Search code examples
hadoophdfsflumeflume-ng

Flume + HDFS-200 append


The page https://cwiki.apache.org/confluence/display/FLUME/Getting+Started says that HDFS sink supports appending but I havent been able to find any information on how to enable it, every examples are on rolling files. So, I would appreciate any information on how to make flume append to an existing file, if it's at all possible)

Update

One can set all rolling properties to 0, that will make flume to write into single file, but it doesnt close the file and new records are not visible to other processes. There is a topic similar to mine: Flume NG and HDFS, Dmitry says that Flume doesnt support appending, but the answer is one year old and documentation says the opposite, so I thought maybe flume was improved or I'm misunderstanding something, any clues will be appreciated.

Update

I realized that the question is unclear so let me just describe what I'm trying to achieve: I want logs to be written in one file and I want to be able to read them as soon as they're ingested into hdfs.
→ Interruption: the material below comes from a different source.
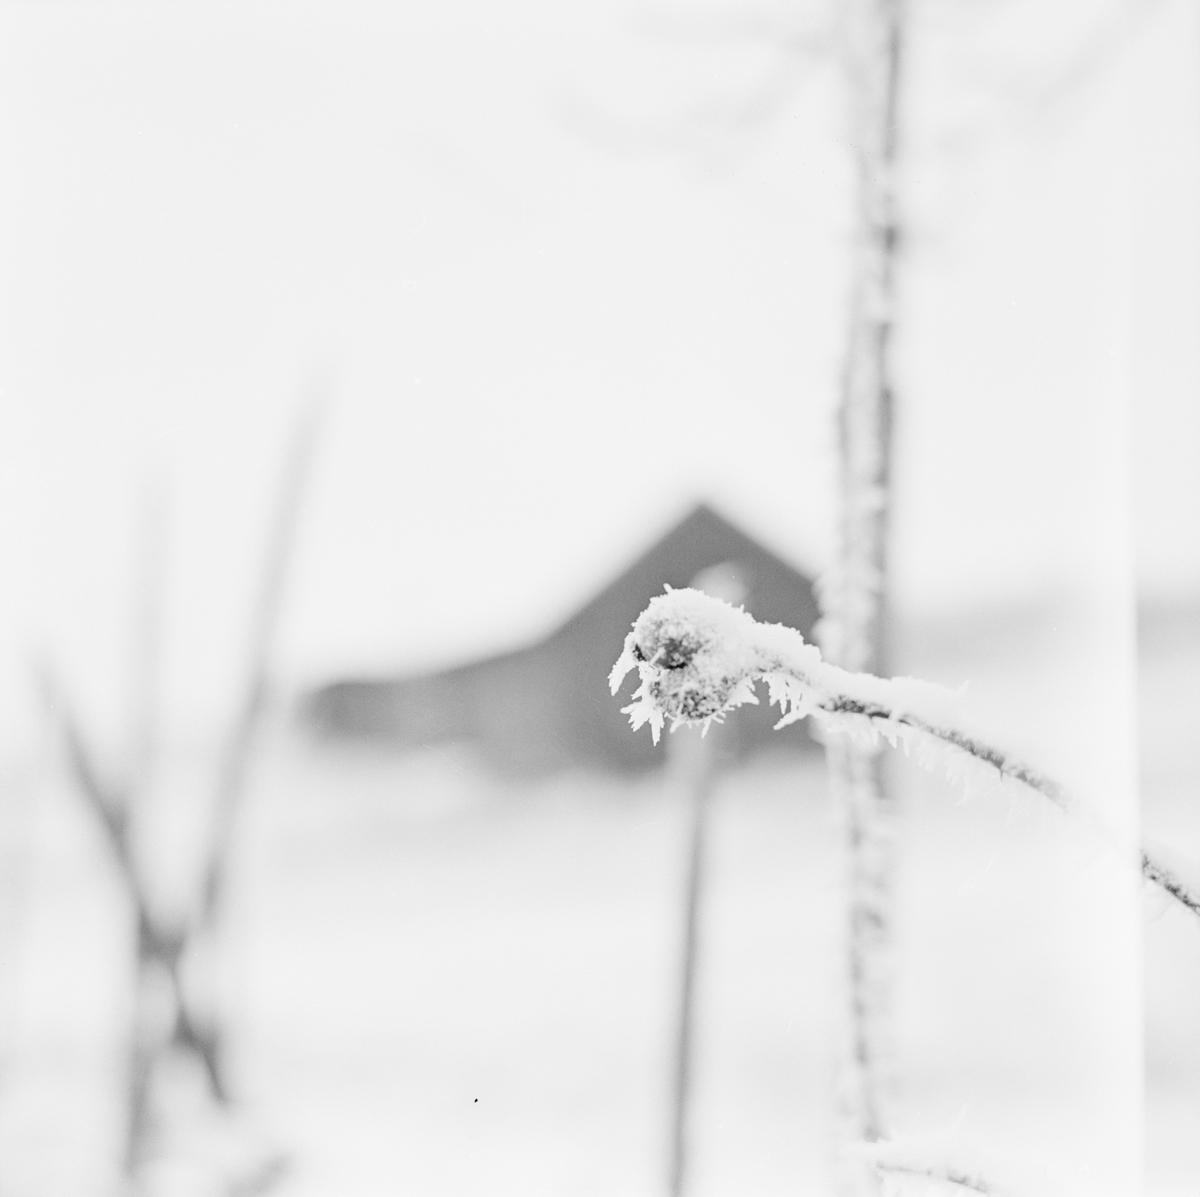 Vinternypon, sannolikt Uppsala december 1961

At the moment I'm using Cloudera Impala to perform search queries and it doesnt see new events even though Flume is configured to flush them on disk immediately, at least that's how I believe. My investigations show that usually people use HBase for these purposes but as far as I understand, it's not effective for ad hoc search queries unless one uses external indexing like Solr. The problem is that I need a solution ASAP so I was hoping that maybe it can be done easier, for example Fluentd can append to existing file, but it works only with plain text files and I would prefer some binary format.


Solution

  • I havent been able to find a way to make Flume do what I wanted, so eventually I've decided to use Cloudera Search for logs streaming, specifically Solr for both ingestion and retrieval. It seems that Flume doesnt have a capablity for real time ingestion in hdfs without creation of lots of relatively small files, hope they fix it in future.